Ayrıca burada; saray reviri, hazine ofisleri, saray fırını, Aya İrini Kilisesi,İmparatorluk darphanesi, “cellât çeşmesi” adlı bir çeşme bulunmaktadır. Bu ‘halk merkezi’ olarak ta adlandırılır. İkinci avluya açılan kapı; Bab-üs Selam Kapısı sarayın gerçek girişidir aynı zamanda sarayın ‘yönetim merkezi’dir. Bu kapı ikinci avlunun ana birimlerini oluşturan mekânlara sizleri ulaştırmak üzere beş yola ayrılıyor; saray mutfağı, Bab-üs Saadet, Divan, Harem ve saray ağırları… Üçüncü avluda, Divan toplantılarından sonra sultanın vezirleri kabul ettiği Arz Odası bulunur. Arz odasını çevreleyen Saray Okulu üçüncü avluda geniş yer kaplar.

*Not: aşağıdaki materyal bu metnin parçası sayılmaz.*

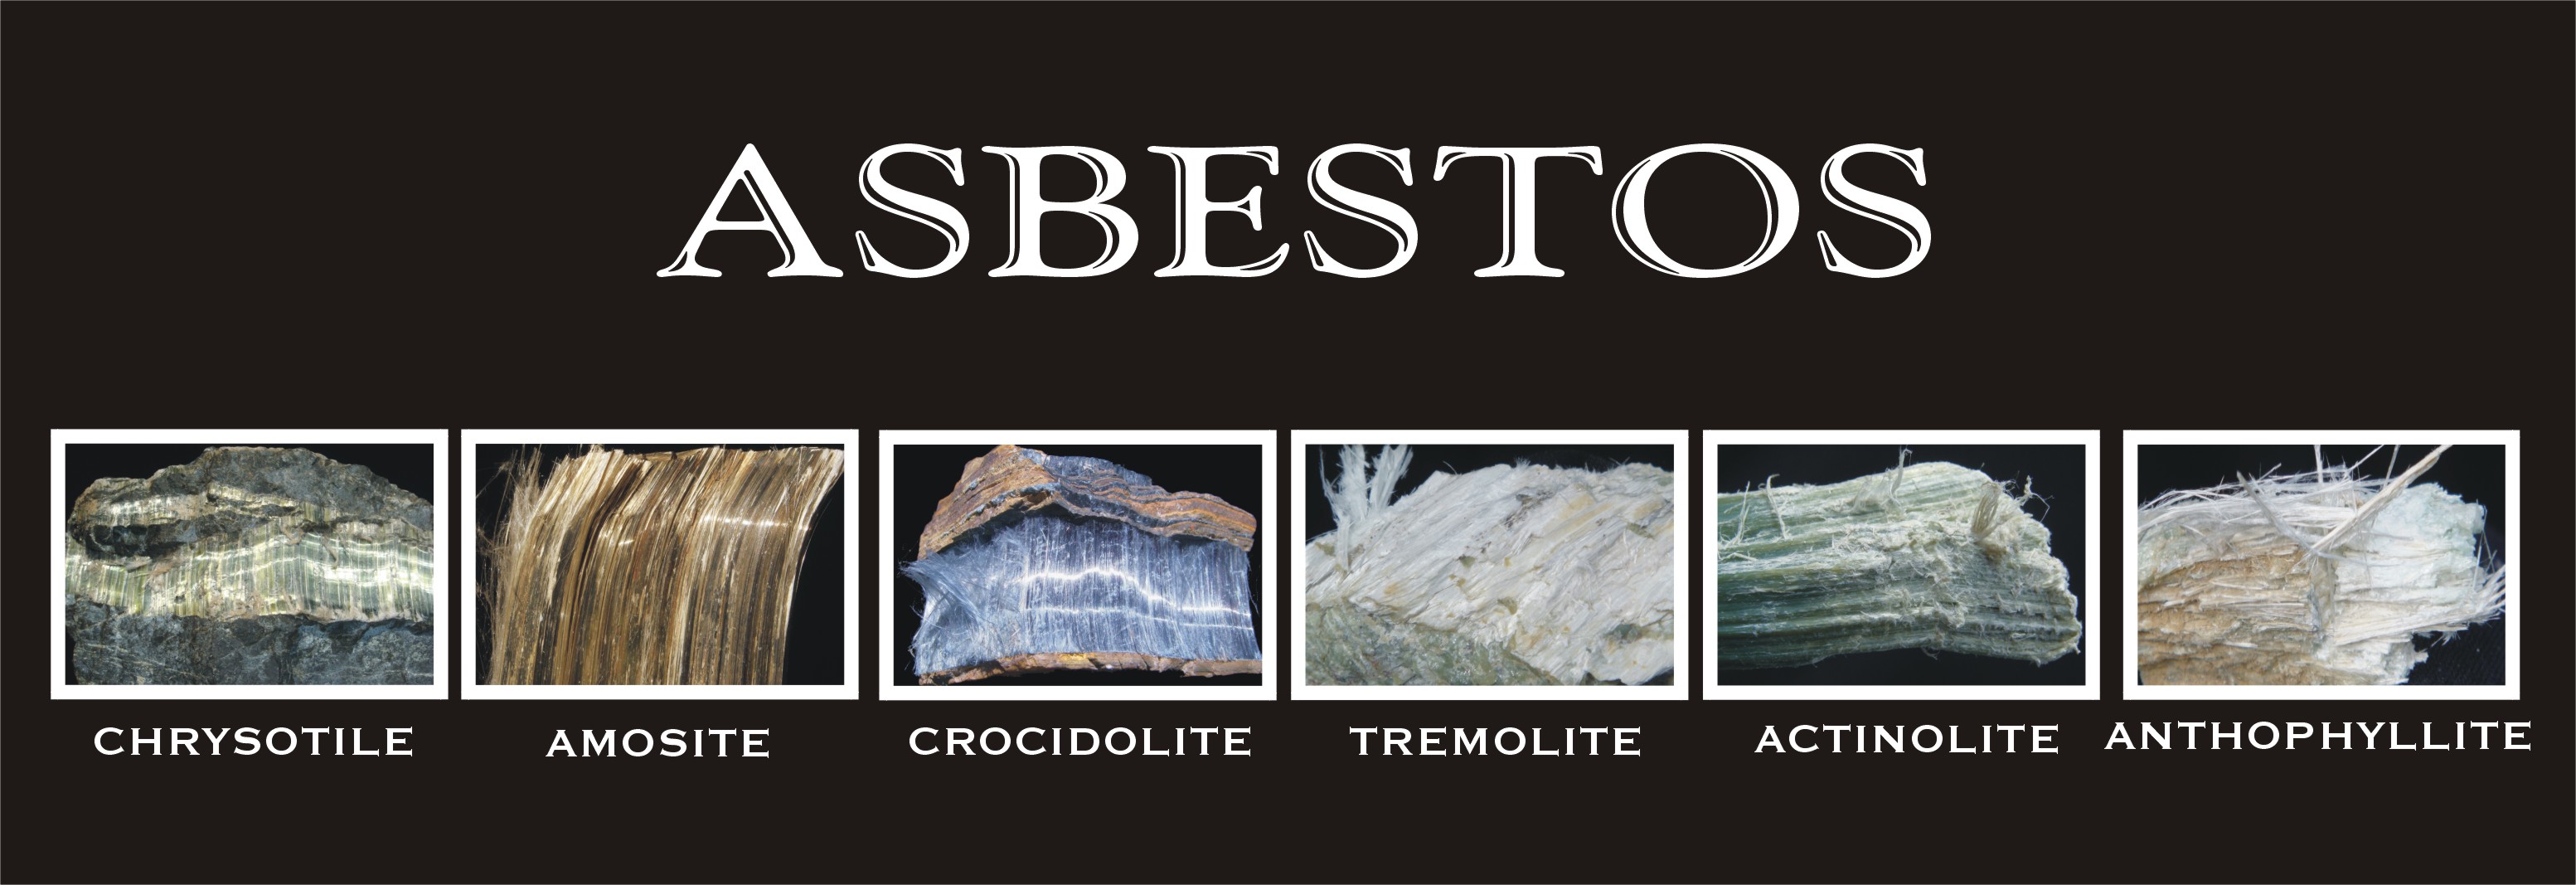 crocidolite asbestos

Üçüncü avluda öne çıkan diğer bir yapıda Hırka-i Şerif Dairesi’dir. Hırka-i Şerif, I. Selim zamanında, kutsal emanetlerle birlikte, getirilmiştir. Üçüncü avlunun ortasında, III. Ahmet Kütüphanesi vardır. avluda yer alan bir başka yapıda, Saray Okulu’nun Camisi olan; Ağalar Camisi’dir. Dördüncü avluda; Sofa Köşkü, Revan Köşkü, Bağdat Köşkü gibi köşklerin yanı sıra, Sünnet Odası ve Hekimbaşı Odası öne çıkan yapılardır. Dolmabahçe Sarayı nın yapılmasıyla birlikte terk edilen Topkapı Sarayı; bugün müzeye dönüştürülmüş ve siz değerli ziyaretçilerini uzun dönem yaşam süren bir İmparatorluğun tarihine, kültürüne ve ihtişamına şahit ediyor…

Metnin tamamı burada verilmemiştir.